Why would you propose something that makes company earn less money? I'm sure that at Amazon scale, this misfeature earned millions of dollars.


Customer relationships. I recall a Bezos quote along the lines of "It's better to lose a refund than to lose a customer".


this one has cost us many thousands of dollars.

we had cron script on a very old server running for almost a decade, starting a multipart upload every night, pushing what was supposed to be backups to a bucket that also stored user-uploaded content so it was normal that the bucket grows in size by a bit every day. the script was 'not working' so we never relied on the backup data it was supposed to be pushing, never saw the files in s3, the bucket grew at a steady and not unreasonable pace. and then this spring i discovered that we were storing almost 3TB of incomplete multipart uploads.

and yes, i know that anecdote is just chock full of bad practices.


That S for simple stands for simple ways to skyrocket your expenses


“Simple” was coined when the alternative was managing a fleet of servers with disks . Time changes everything.


Yeah, I've definitely treaded on the storage cost landmine. Thankfully it was just some cents in my case, but it's really infuriating how badly the console exposes the information.


I have the feeling that the entire case (in)-sensitive discussions are usually too much English-centric.

Allow me to iterate: I have the feeling way too many language discussions, especially in IT, are too much English-centric.


> too much English-centric.

Pretty glad about it considering how much more simpler ASCII was to work with compared to Unicode.

I say it as a non native english speaker, programming has so many concepts and stuff already, its best not to make it more complex by adding a 101 different languages to account for.

Unicode and Timezone, the two things that try to bring more languages and cultures to be accounted for while programming and look what happens, it creates the most amount of pain for everyone including non native english programmers.

I dont want to write computer programs in my non-english native tongue, if that means i’ll have to start accounting for every major language while im programming.

Its fine that IT discussions are so English-centric. Diversity is more complexity, and no one owns the english language, its just a tool used by people to communicate, thanks to that universal language, I can express my thoughts to most people in India, China, Japan, South America, etc due to having 1 common language.

They all own the english language too, the moment they decided to speak in it.

No need to bring diversity politics in IT.

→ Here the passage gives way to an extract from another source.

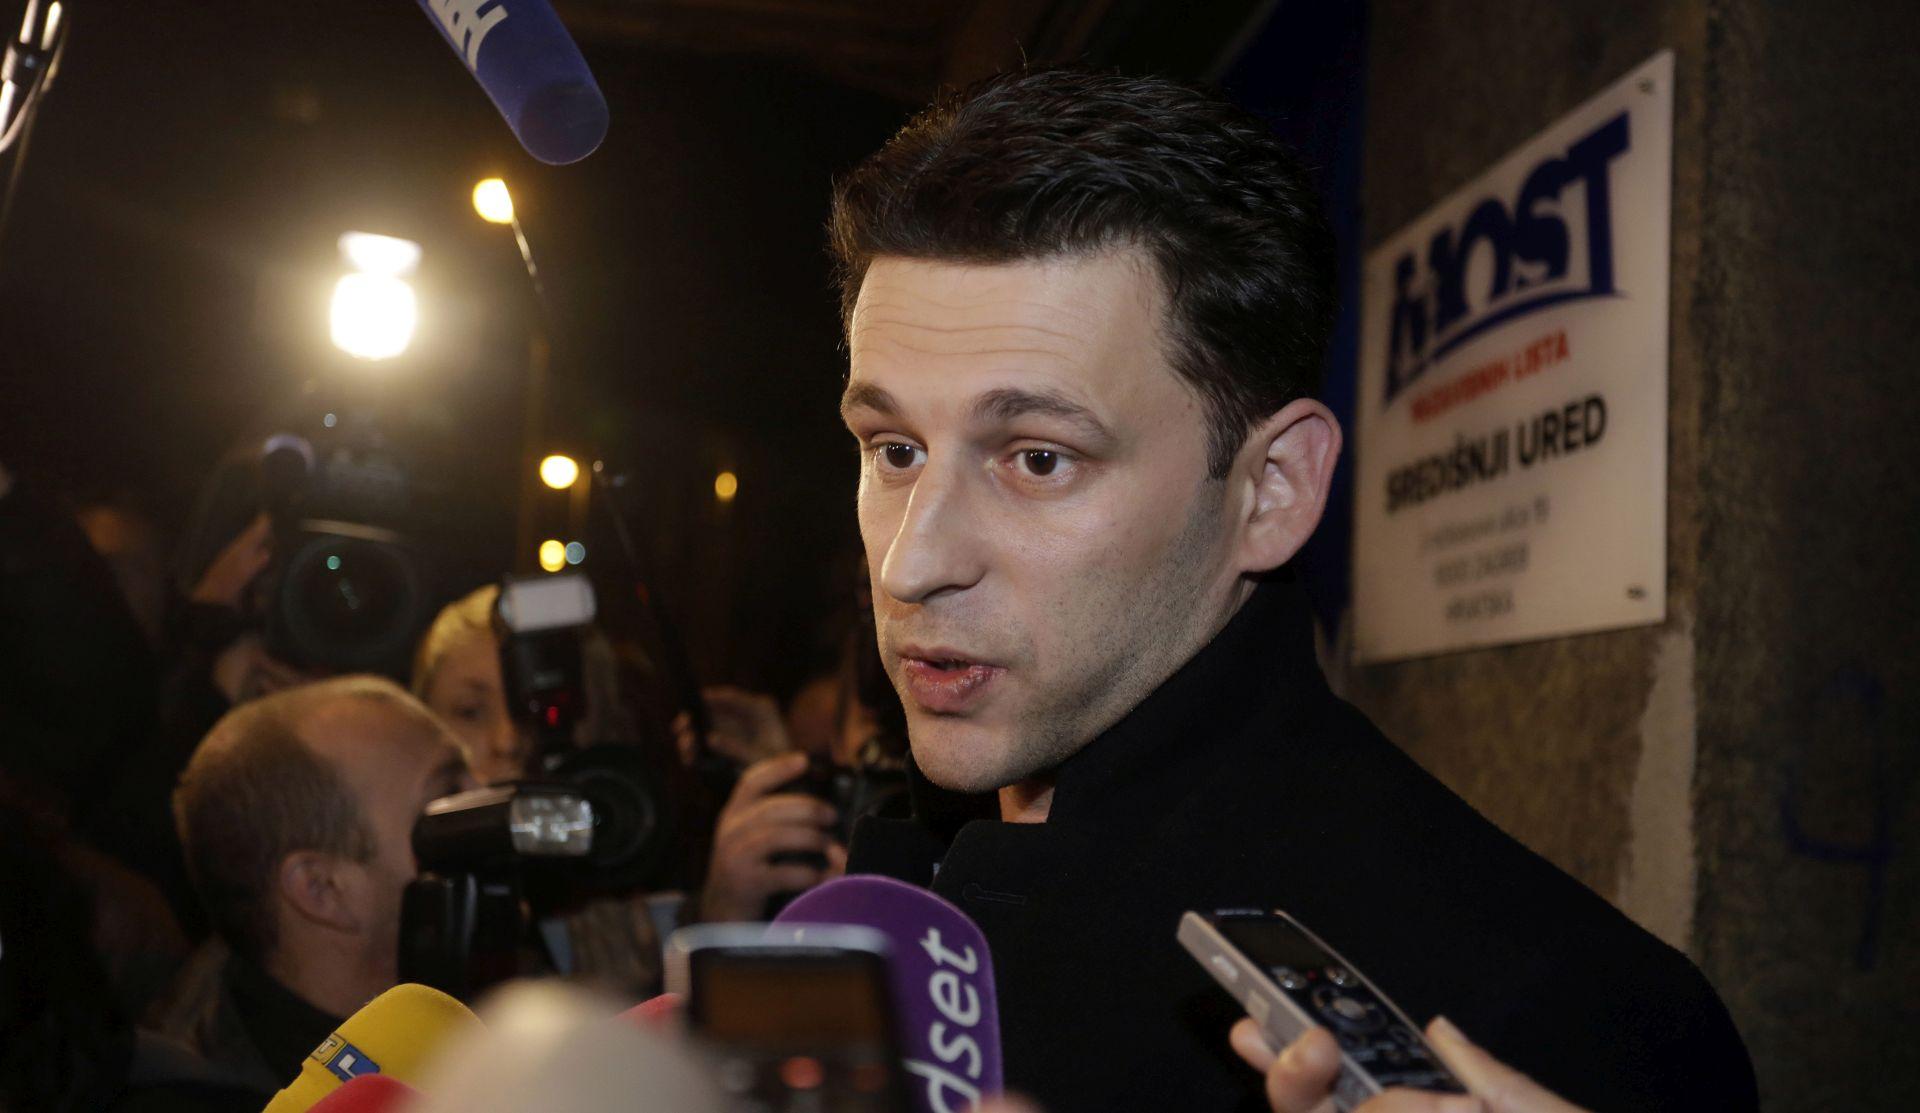 Milanović ponudio Petrovu potpise koalicije Hrvatska raste; Most tražio dodatno vrijeme

Best to keep it technical.


> No need to bring diversity politics in IT.

Politics is just "how people think things should be". Therefore politics are everywhere not because people _bring_ them everywhere but because they arise from everything.

Your comment is in fact full of politics, down to your opinion that politics shouldn't be included in this discussion.

**

> thanks to that universal language, I can express my thoughts to most people in India, China, Japan, South America, etc due to having 1 common language

Personally my impression is that native speakers just run circles around everyone else during meetings and such. Being _truly_ comfortable in the language, mastering social cues, being able to confidently and fluently express complex ideas, mean that they effectively take over the room. In turn that means they will hold more power in the company, rise in rank more quickly, get paid more, etc.. There's an actual, significant consequence here.

Plus, anglos usually can't really speak another language, so since they don't realize how hard it is they tend to think their coworkers are idiots and will stick to do things with other anglos rather than include everyone.

> Diversity is more complexity

In a vacuum I agree, but within the context of your comment this is kinda saying "your existence makes my life too complex, please stop being different and join the fold"; and I can't agree with that sentiment.


You raise an interesting point about the nature of politics. I’ve been thinking about this a bit, but it seems to me that radical/revolutionary politics are talking about how people want things to be while quotidian political ideas are more about how people ought to do a few things. The distinction here being people’s timelines and depth of thought. If a policy has some seriously bad consequences, people may not notice because they weren’t really thinking of things should be, just the narrower thought of how a thing out to be done (think minimum wage driving automation rather than getting people a better standard of living, or immigration control driving police militarization). Of course, for most politicians, I am not sure either of these are correct. I think for politicians, politics is just the study of their own path to power; they likely don’t care much about whether it’s how things are done or how things ought to be so long as they are the ones with the power.

I don’t know that this comment really ads anything to the conversation, but I do find it all interesting.

Edit: also, on topic, languages are fun. The world is boring when everything is in one language. Languages also hold information in how they structure things, how speakers of that language view the world, and so on, and in those ways they are important contributors to diversity of thought.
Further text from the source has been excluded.